Ut queant laxīs resonāre fibrīs
Mīra gestōrum famulī tuōrum,
Solve pollūtī labiī reātum,
Sancte Iohannēs.

The words were ascribed to Paulus Diaconus in the 8th century. They translate as:

So that your servants may with loosened voices
Resound the wonders of your deeds,
Clean the guilt from our stained lips,
O Saint John.

"Ut" was changed in the 1600s in Italy to the open syllable "Do". Guido's system had only six notes, but "si" was added later as the seventh note of the diatonic scale. In Anglophone countries, "si" was changed to "ti" by Sarah Glover in the nineteenth century so that every syllable might begin with a different letter. "Ti" is used in tonic sol-fa (and in the famous song from the film 'Sound of Music' "Do-Re-Mi").

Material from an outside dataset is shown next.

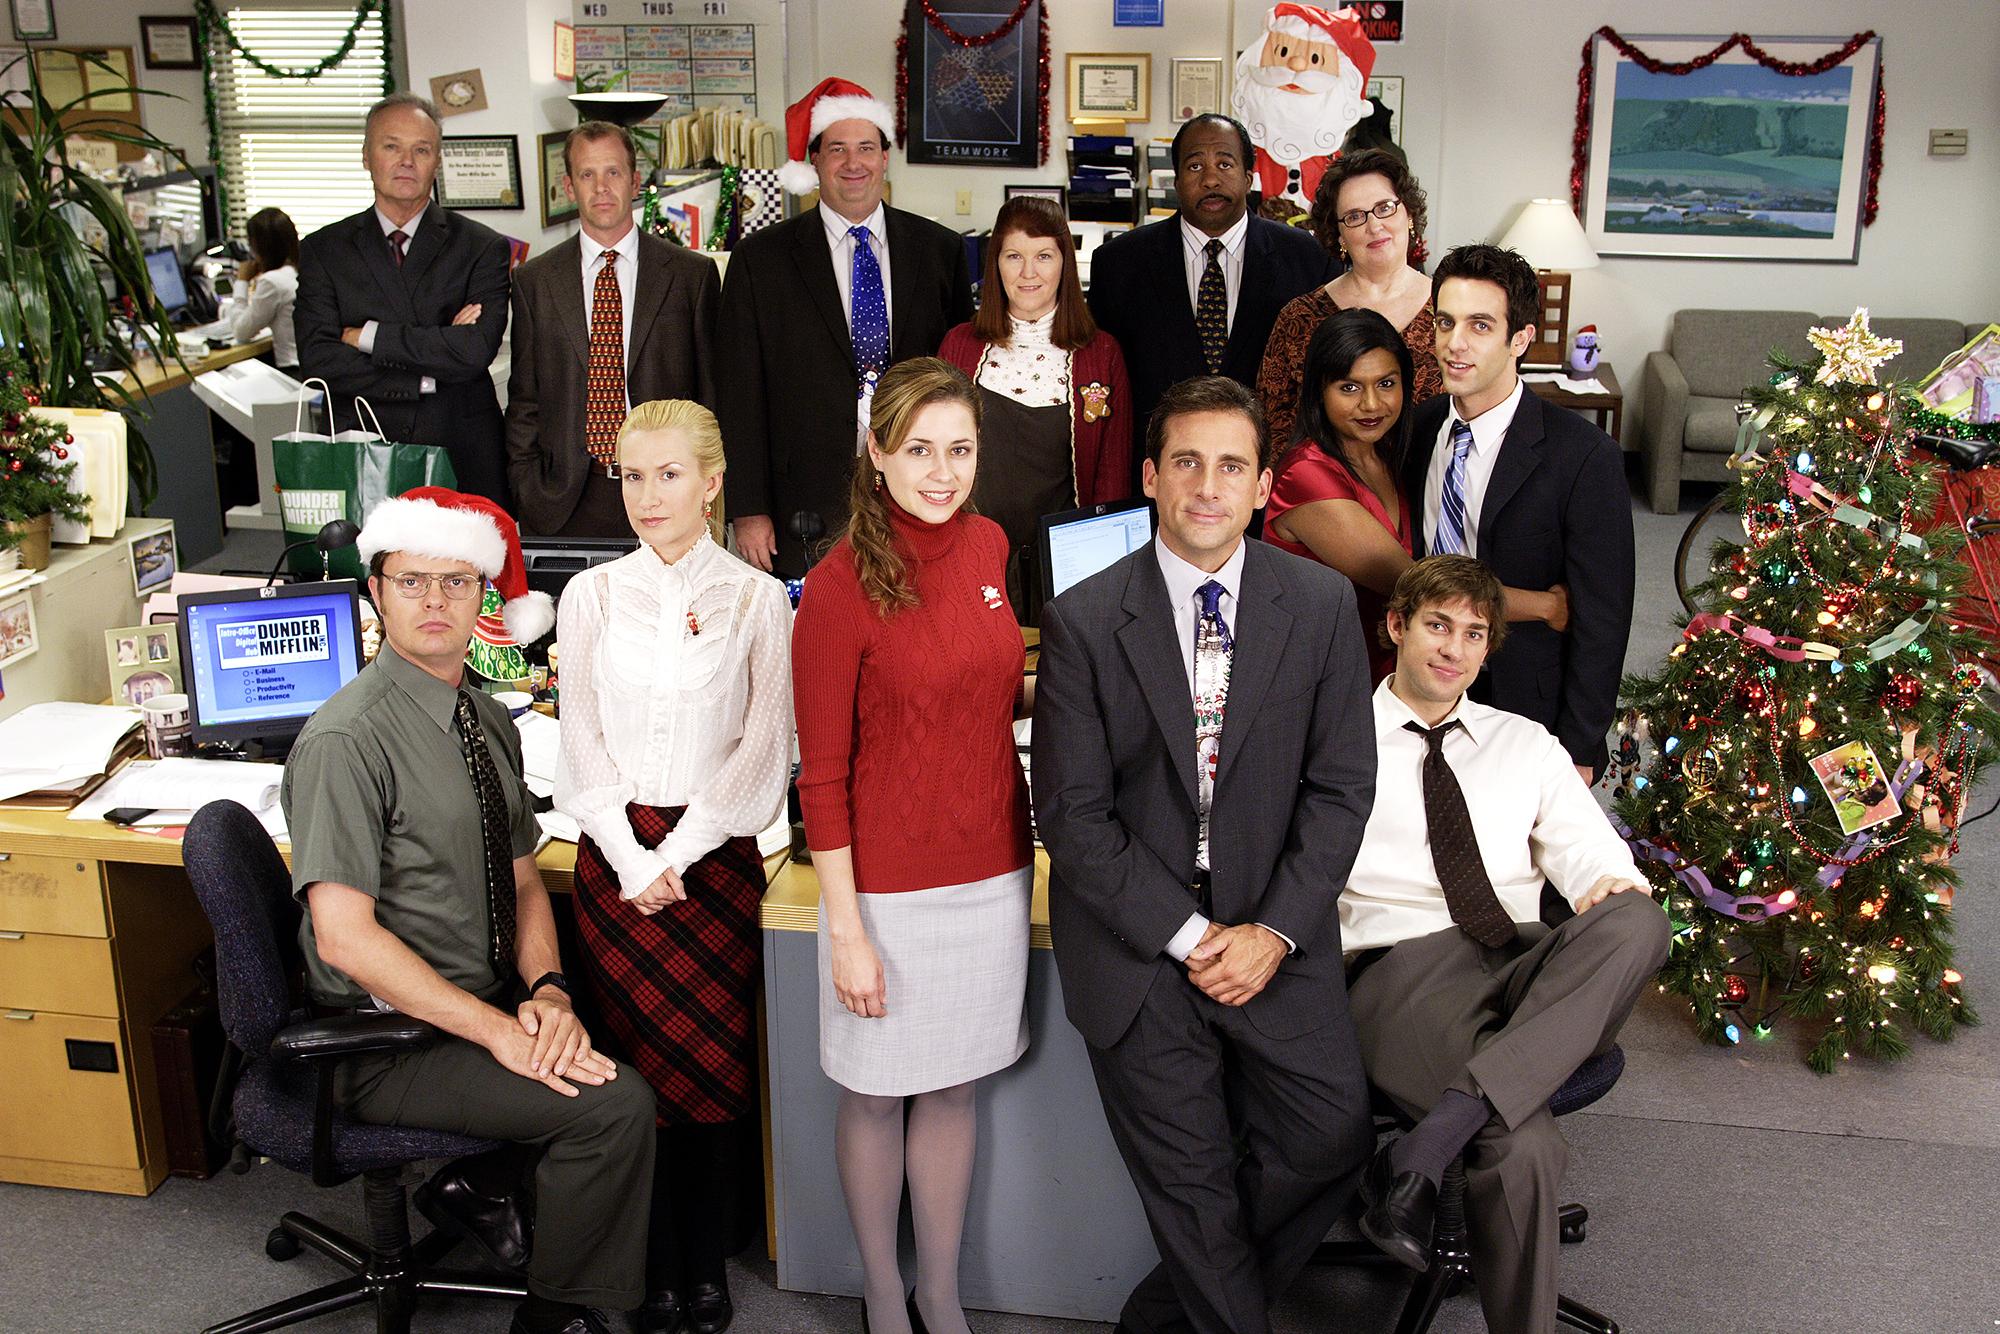 The Office Cast Reunion Brunch Photo

Some authors speculate that the solfège syllables (do, re, mi, fa, sol, la, ti) might have been influenced by the syllables of the Arabic solmisation system called درر مفصّلات Durar Mufaṣṣalāt ("Detailed Pearls") (dāl, rā', mīm, fā', ṣād, lām, tā). This mixed-origin theory was proposed by scholars as early as the seventeenth and eighteenth centuries, in the works of Francisci a Mesgnien Meninski and Jean-Benjamin de La Borde. Modern scholars are mostly skeptical, however.

==In Elizabethan England==
In the Elizabethan era, England and its related territories used only four of the syllables: mi, fa, sol, and la. "Mi" stood for modern ti or si, "fa" for modern do or ut, "sol" for modern re, and "la" for modern mi. Then, fa, sol and la would be repeated to stand for their modern counterparts as well, resulting in the scale being "fa, sol, la, fa, sol, la, mi, fa". The use of "fa", "sol" and "la" for two positions in the scale is a leftover from the Guidonian system of so-called "mutations" (i.e. changes of hexachord on a note, see Guidonian hand). This system was largely eliminated by the 19th century, but is still used in some shape note systems, which give each of the four syllables "fa", "sol", "la", and "mi" a different shape.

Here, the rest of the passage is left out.